Department of Electrical & Computer Engineering, National University of Singapore, Singapore, Singapore.
National University of Singapore Suzhou Research Institute (NUSRI), Suzhou, China.
Nat Commun. 2021 Sep 10;12(1):5378. doi: 10.1038/s41467-021-25637-w.
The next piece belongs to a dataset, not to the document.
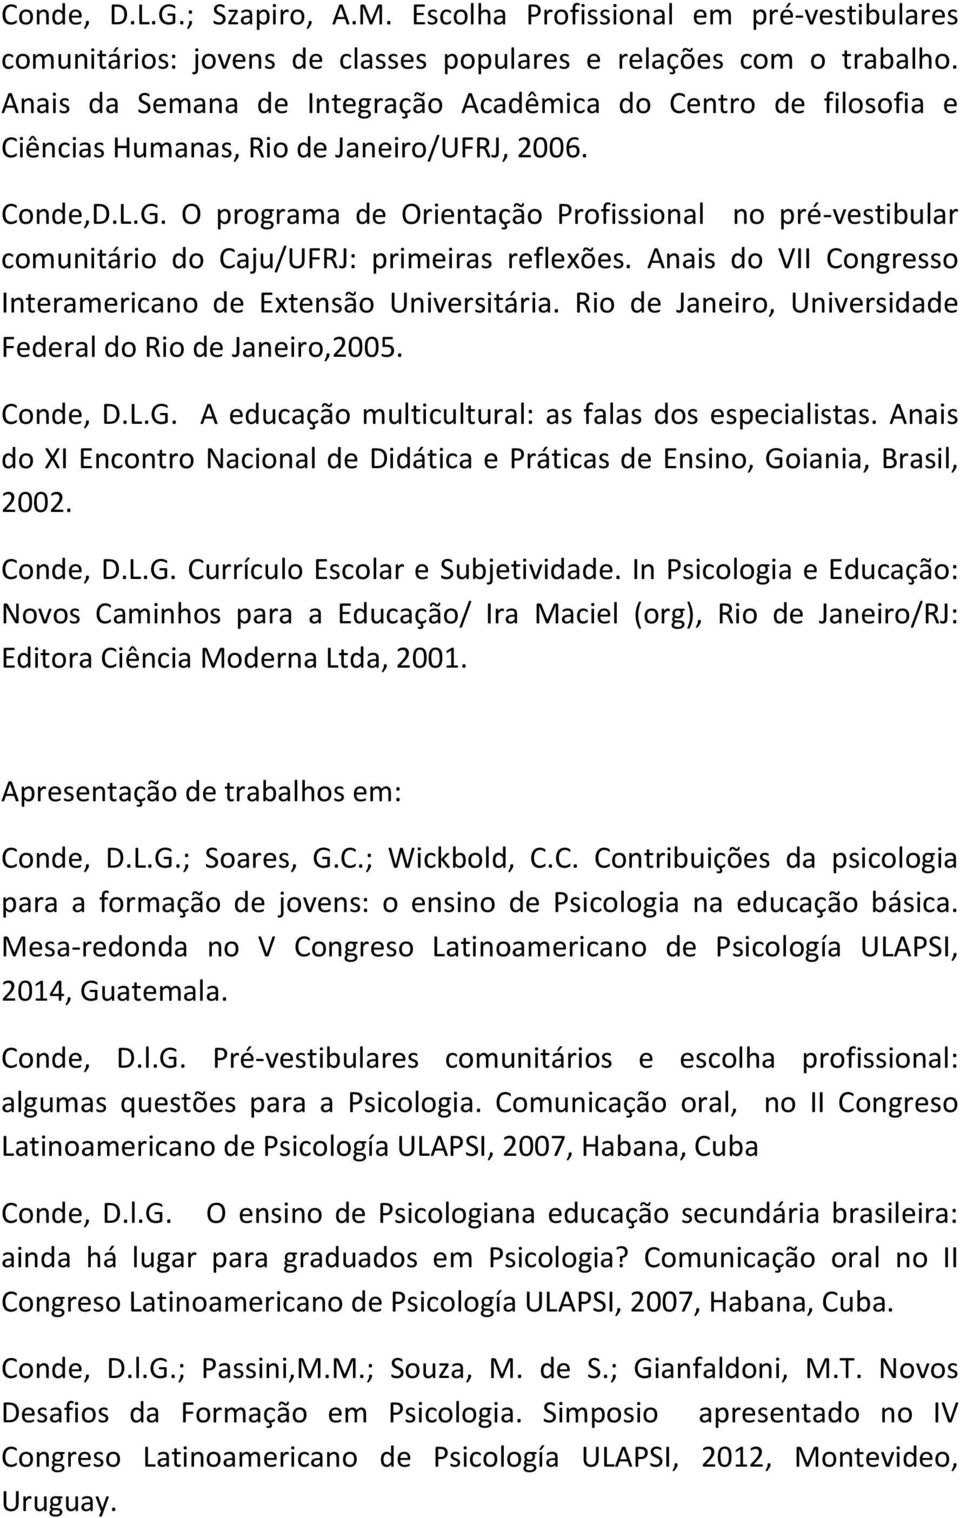 O programa de Orientação Profissional no pré vestibular comunitário do Caju/UFRJ: primeiras reflexões. Anais do VII Congresso Interamericano de Extensão Universitária.

Sign language recognition, especially the sentence recognition, is of great significance for lowering the communication barrier between the hearing/speech impaired and the non-signers. The general glove solutions, which are employed to detect motions of our dexterous hands, only achieve recognizing discrete single gestures (i.e., numbers, letters, or words) instead of sentences, far from satisfying the meet of the signers' daily communication. Here, we propose an artificial intelligence enabled sign language recognition and communication system comprising sensing gloves, deep learning block, and virtual reality interface. Non-segmentation and segmentation assisted deep learning model achieves the recognition of 50 words and 20 sentences. Significantly, the segmentation approach splits entire sentence signals into word units. Then the deep learning model recognizes all word elements and reversely reconstructs and recognizes sentences. Furthermore, new/never-seen sentences created by new-order word elements recombination can be recognized with an average correct rate of 86.67%. Finally, the sign language recognition results are projected into virtual space and translated into text and audio, allowing the remote and bidirectional communication between signers and non-signers.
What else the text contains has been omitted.